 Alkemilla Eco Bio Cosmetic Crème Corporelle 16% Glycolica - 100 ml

---

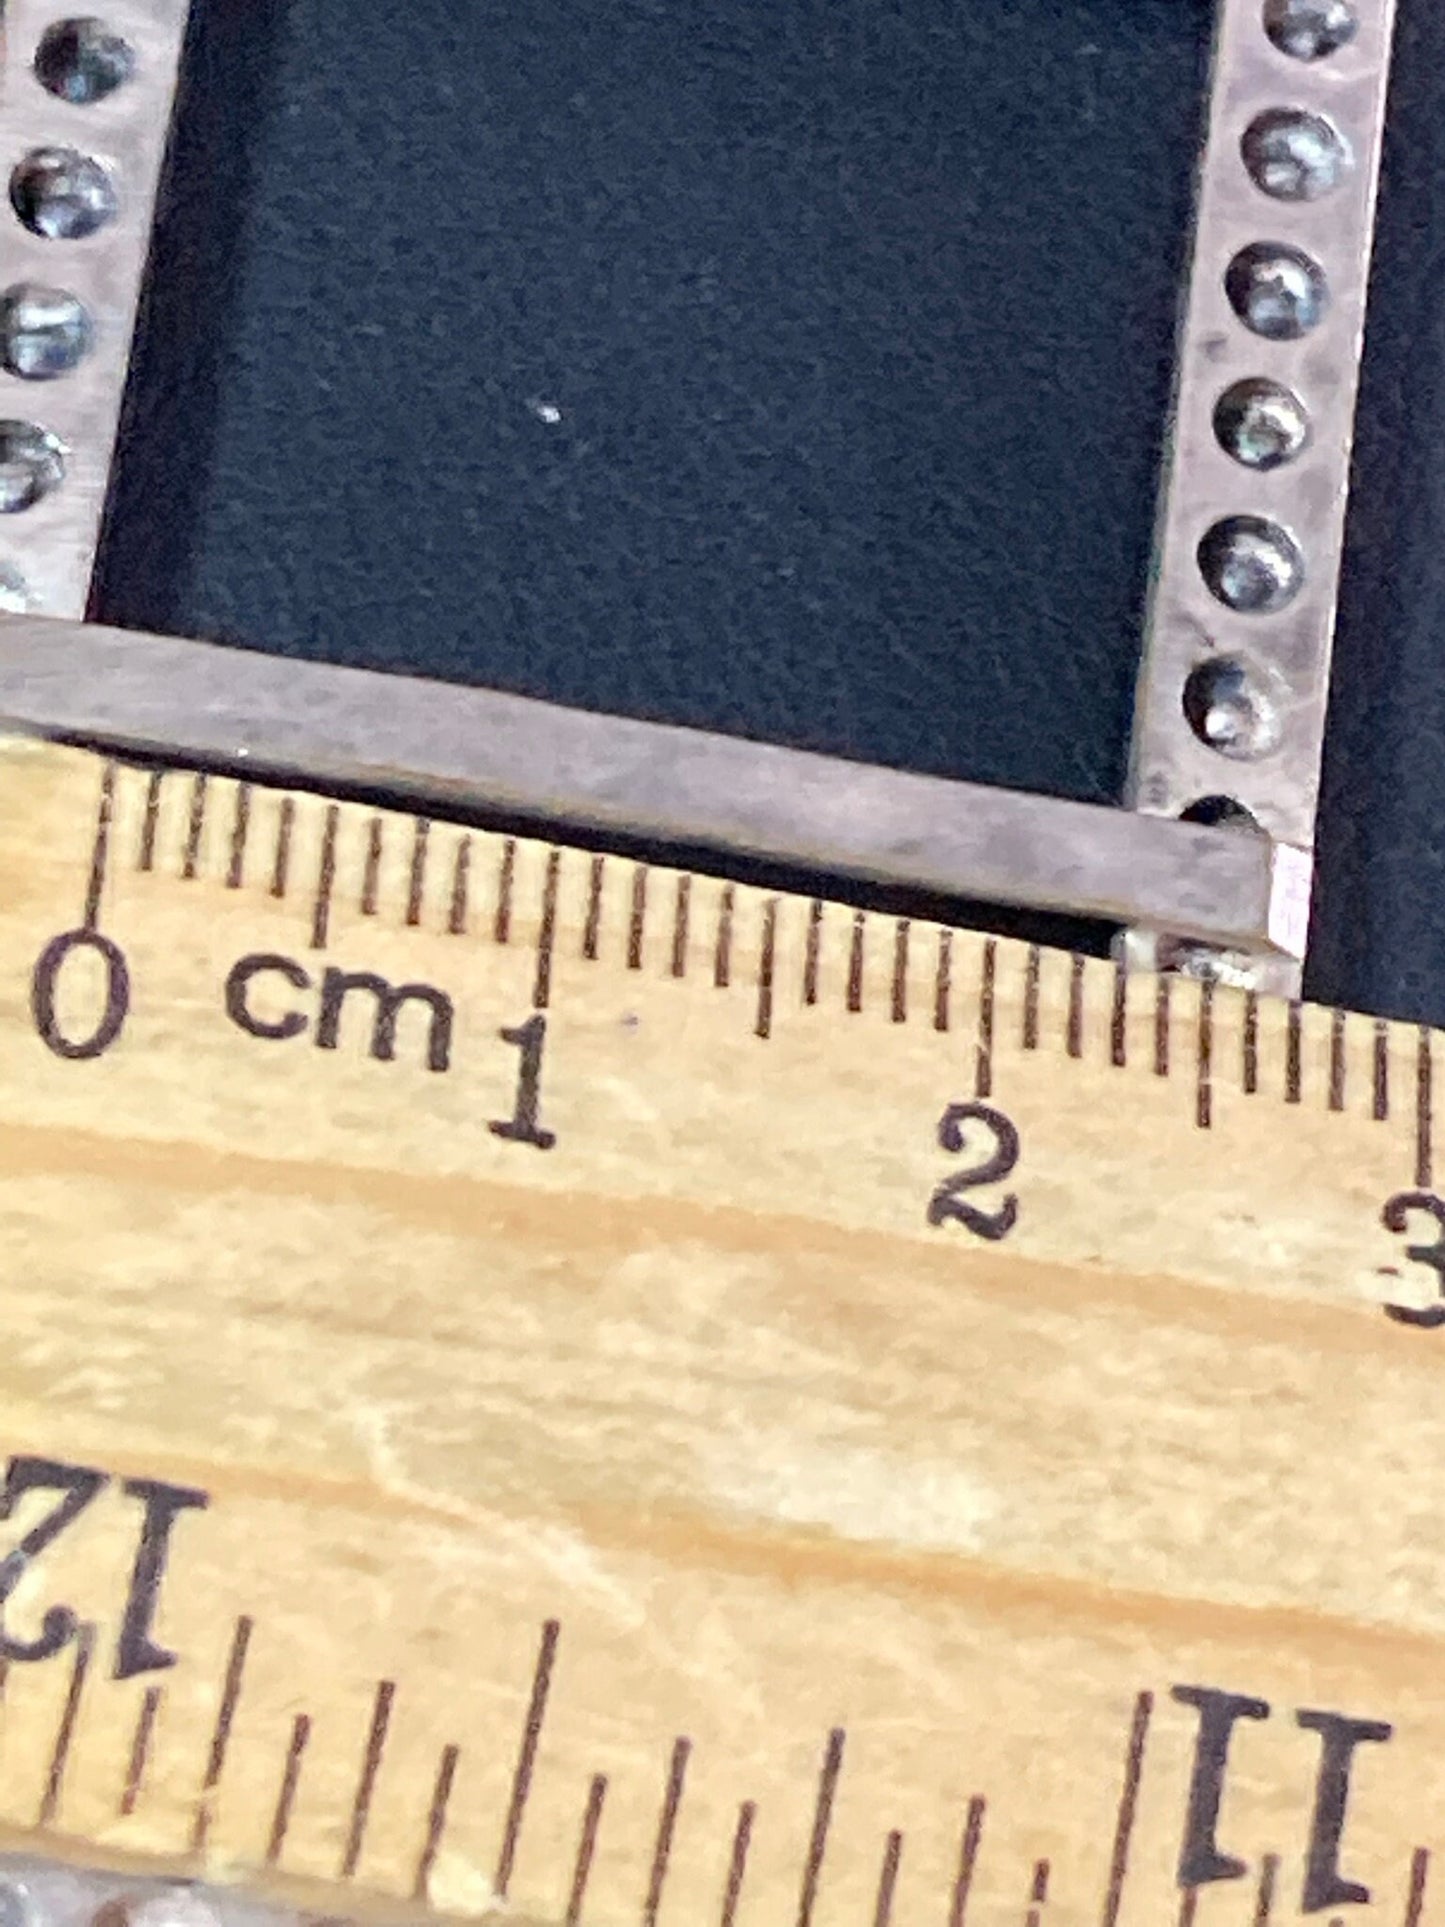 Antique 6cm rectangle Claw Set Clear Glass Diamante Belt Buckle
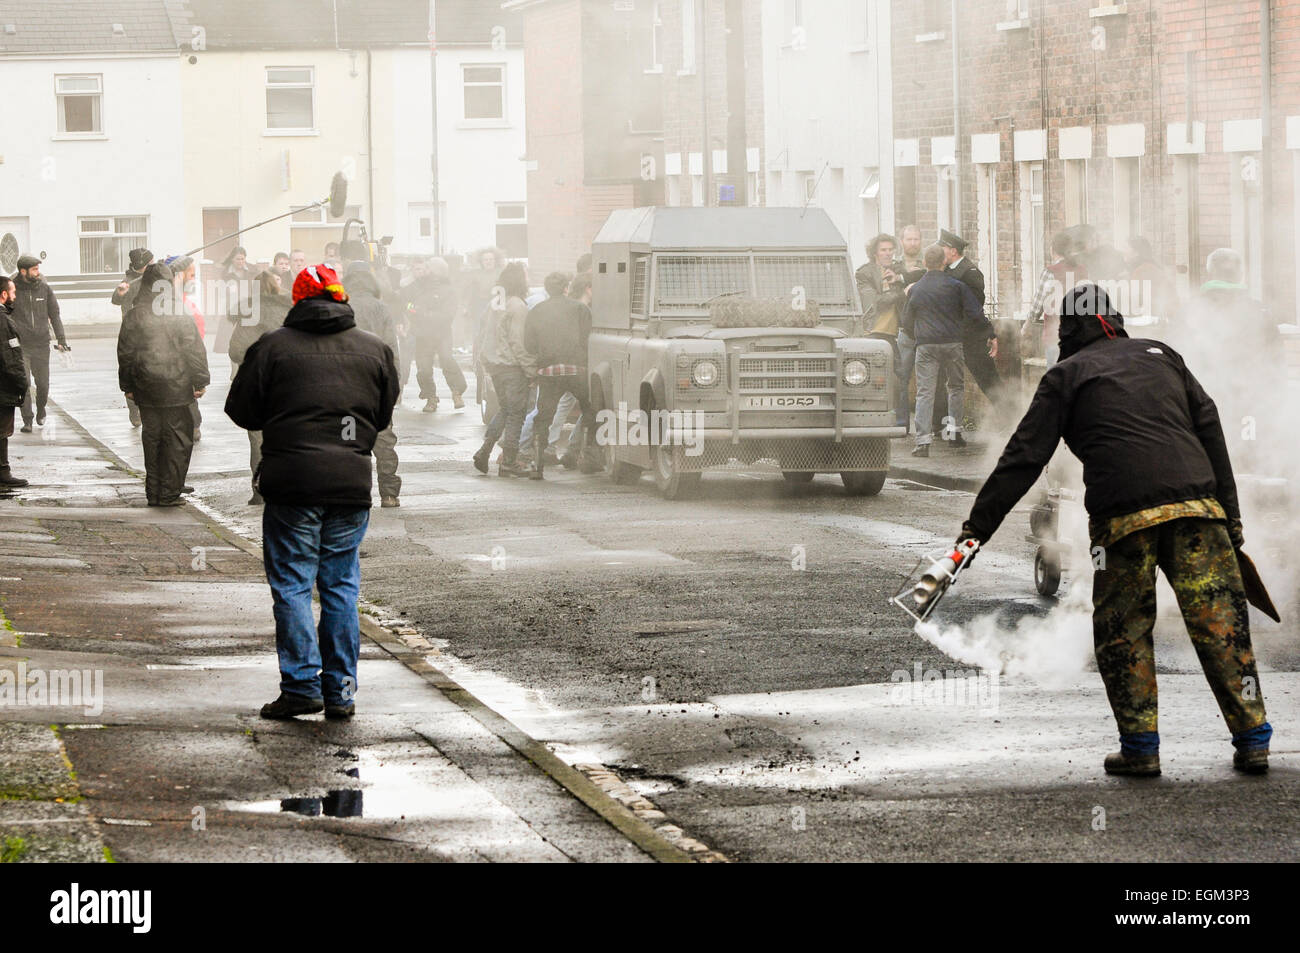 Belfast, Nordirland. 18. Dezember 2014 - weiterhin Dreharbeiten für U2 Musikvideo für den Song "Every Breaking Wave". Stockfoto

==

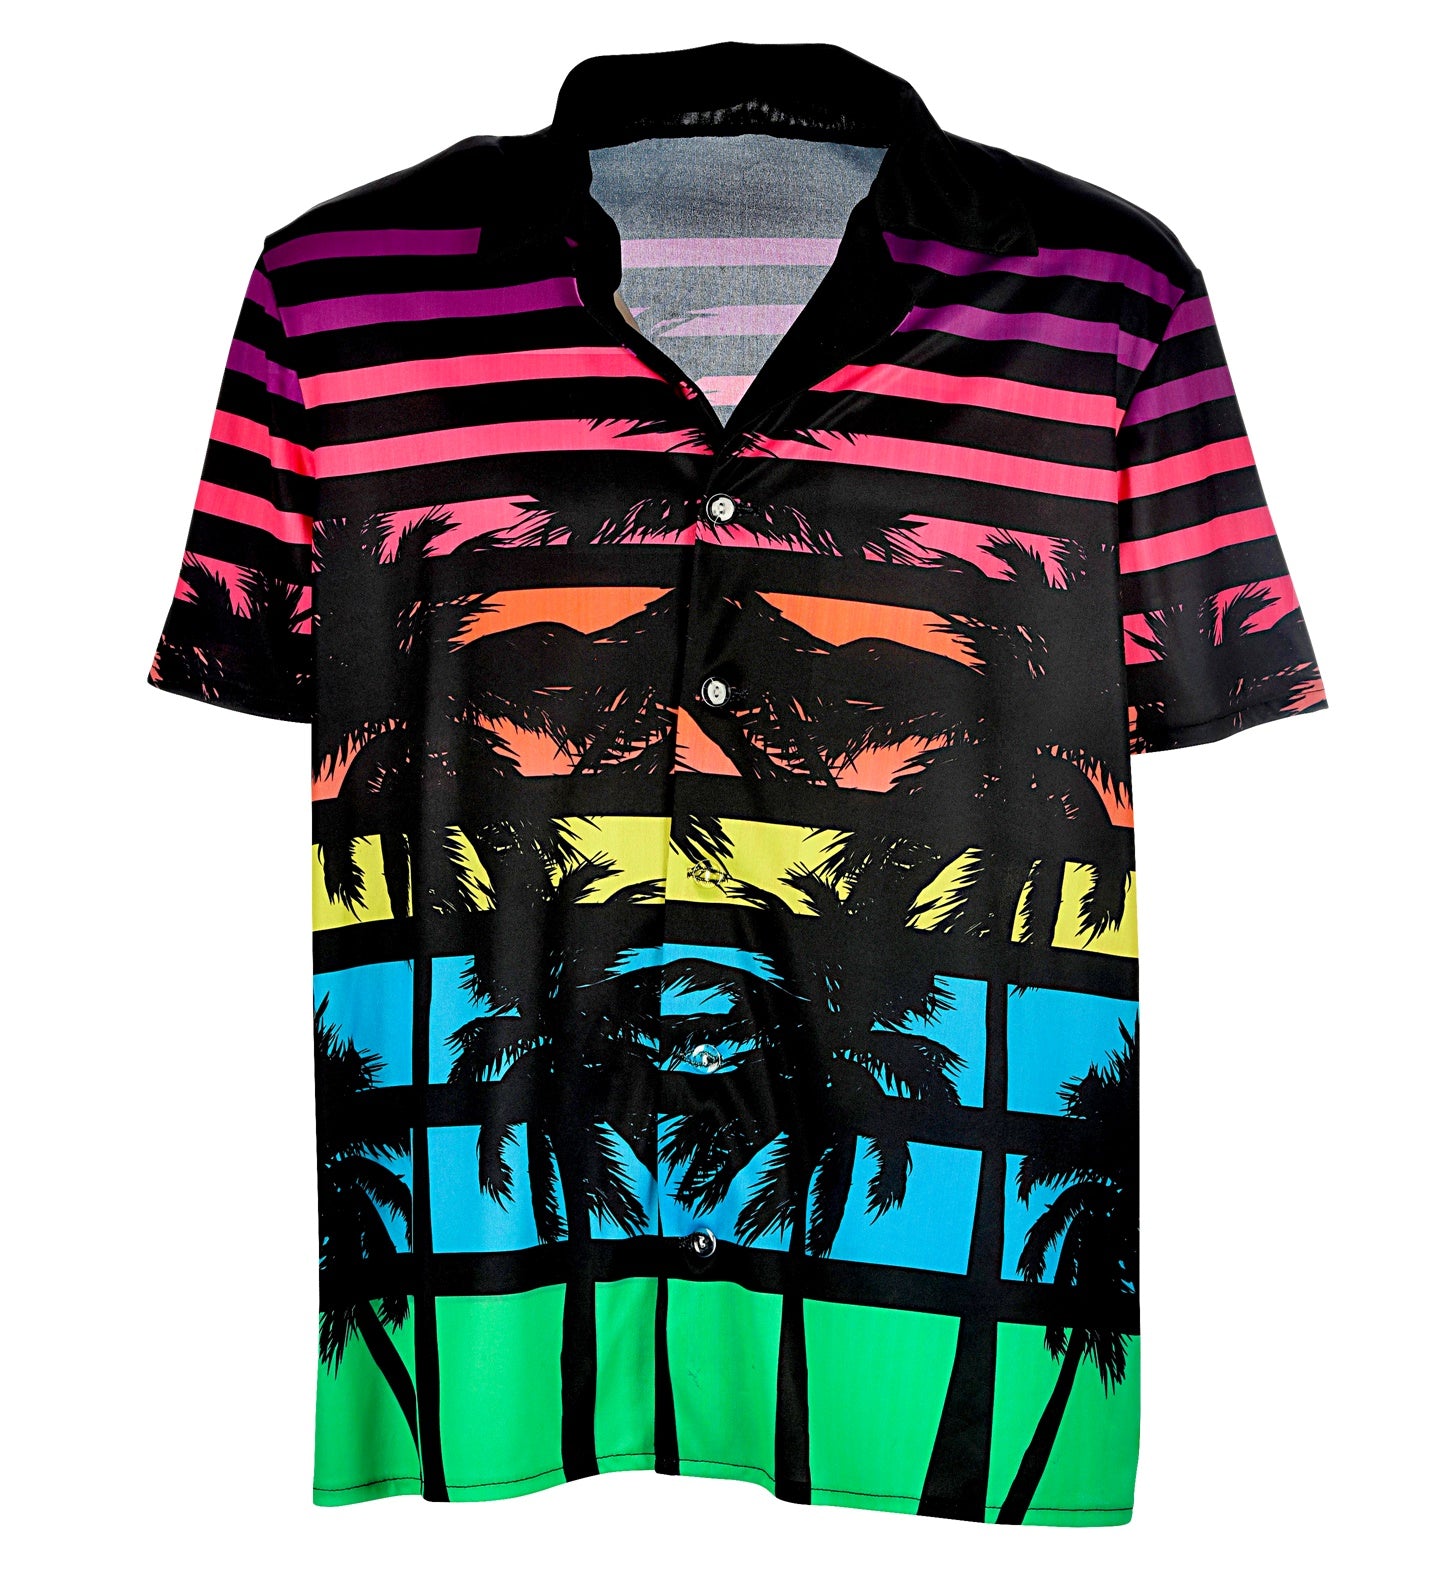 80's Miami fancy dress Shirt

• _WHAT NEEDS TO BE DONE_
In the listing above, find the line with "Antique 6cm rectangle" and the line with "Belfast, Nordirland. 18.". Copy both of them and every line between, exactly, but not the pictures.

• _ANSWER_
 Antique 6cm rectangle Claw Set Clear Glass Diamante Belt Buckle
 Belfast, Nordirland. 18. Dezember 2014 - weiterhin Dreharbeiten für U2 Musikvideo für den Song "Every Breaking Wave". Stockfoto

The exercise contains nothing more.